I’ve also still been grappling with my previous project, “In Pursuit of Black Noise,” as it has been featured in a couple of online exhibitions. It’s so strange now having that project be in the world knowing it is fully unfinished and maybe I will never finished its current form (although I am in the process of writing a zine or experimental essay to go along with it)!
Even stranger that it was brought up in proximity to Tyler Mitchell’s “Black Nonsense” project, probably because the use of the word “noise.” The review and comparison wasn’t negative but I did feel implicated in a sort of argument about words to which I have less of an opinion on.
And it all reminded me that Noise has a negative connotation (and rightfully so). It also reminded me that I’m often expected to have answers to the point where I stubbornly announce that I am unconcerned with providing answers, whether that be true or not.
The real issue is in the need to be both true and fixed (in meaning and comprehension).
Sound is none of these things, which is why I’ve gravitated toward it. What is true about sound is that it always exists, it is constant in that matter. But beyond that it becomes rather unstable.
The more I tap into myself and try to understand this world around me, the more I see how unstable it is. Race, Gender, Space, Time are all unraveling. I put all those things in capital because I’m referring to the White Supremacist projects of Race, Gender, etc. We feel it in our body even if we choose to ignore. We feel it in our body even if we try to apply order through language. And yet it all feels very unstable.
This instability is the space where I’d like to focus. That and projections, the way we try to construct meaning, to our material world.
Tina Campt talks about the haptic experience of sound and how it touches us. In order to hear and experience sound, we must be touched by it. It must grace our body. Sometimes it’s a delicate rumble, sometimes its nauseauting, someteimes its ephereal, sometimes its violent. Be it a whisper, the fireworks that felt like they would never end, or the sonic weapons used by cops during the Black Lives Matter protests. There are also sounds that we do not hear through our ears but still impact our bodies.

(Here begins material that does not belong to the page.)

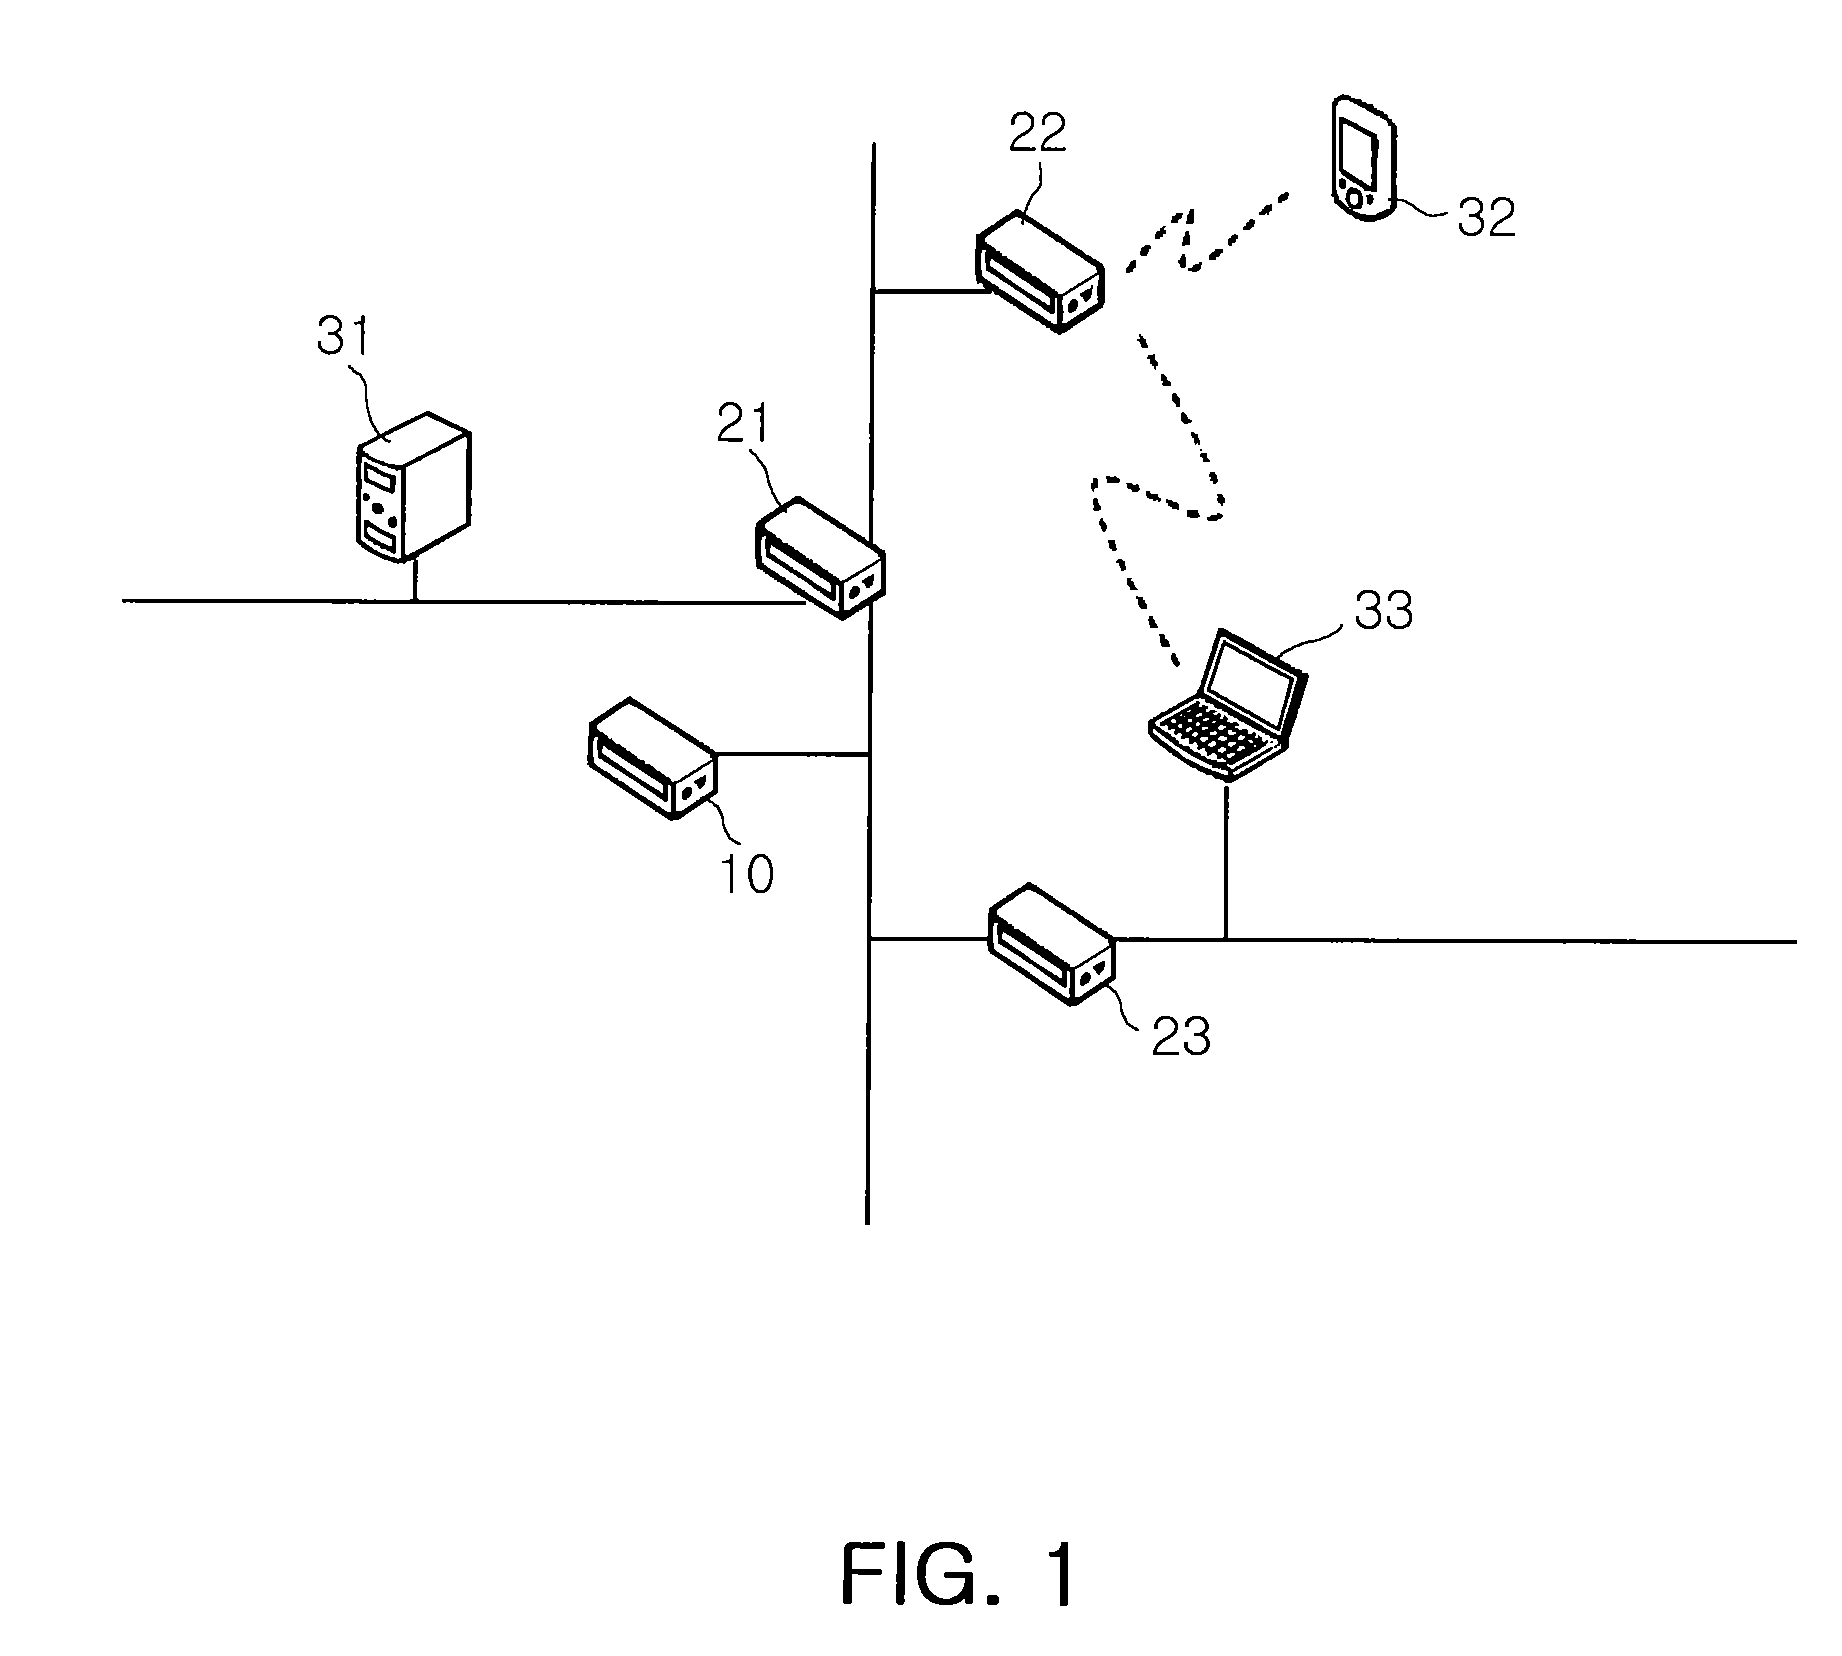 UPnP QoS NETWORK SYSTEM AND METHOD FOR RESERVING PATH AND RESOURCE

Moving toward noise, it was often used as a descriptor to mark the sounds from black people as unintelligible, lacking, inferior, ugly. The word being used to contrast music and sound. Noise often defied being put into the format of a traditional score or sheet music and if it couldn’t be written then it couldn’t be verified and it couldn’t receive things like royalties and copyright protection. Noise. I have also read about noise being associated with lower class. Being forced to be in environments where there is constant noise and no protection from it. Noise. But regardless of how it has been theorized or talked about, what feels clear is that noise transcends boundaries and maybe even destroys them. Noise fills up space and demands attention, whether you like it or not. Noise prioritizes a sensory experience. You can try tot project onto it but your projections may return nothing concrete or useful. Noise forces you to feel and reckon with your body. This is the space where I’d like you join me. This is my pursuit.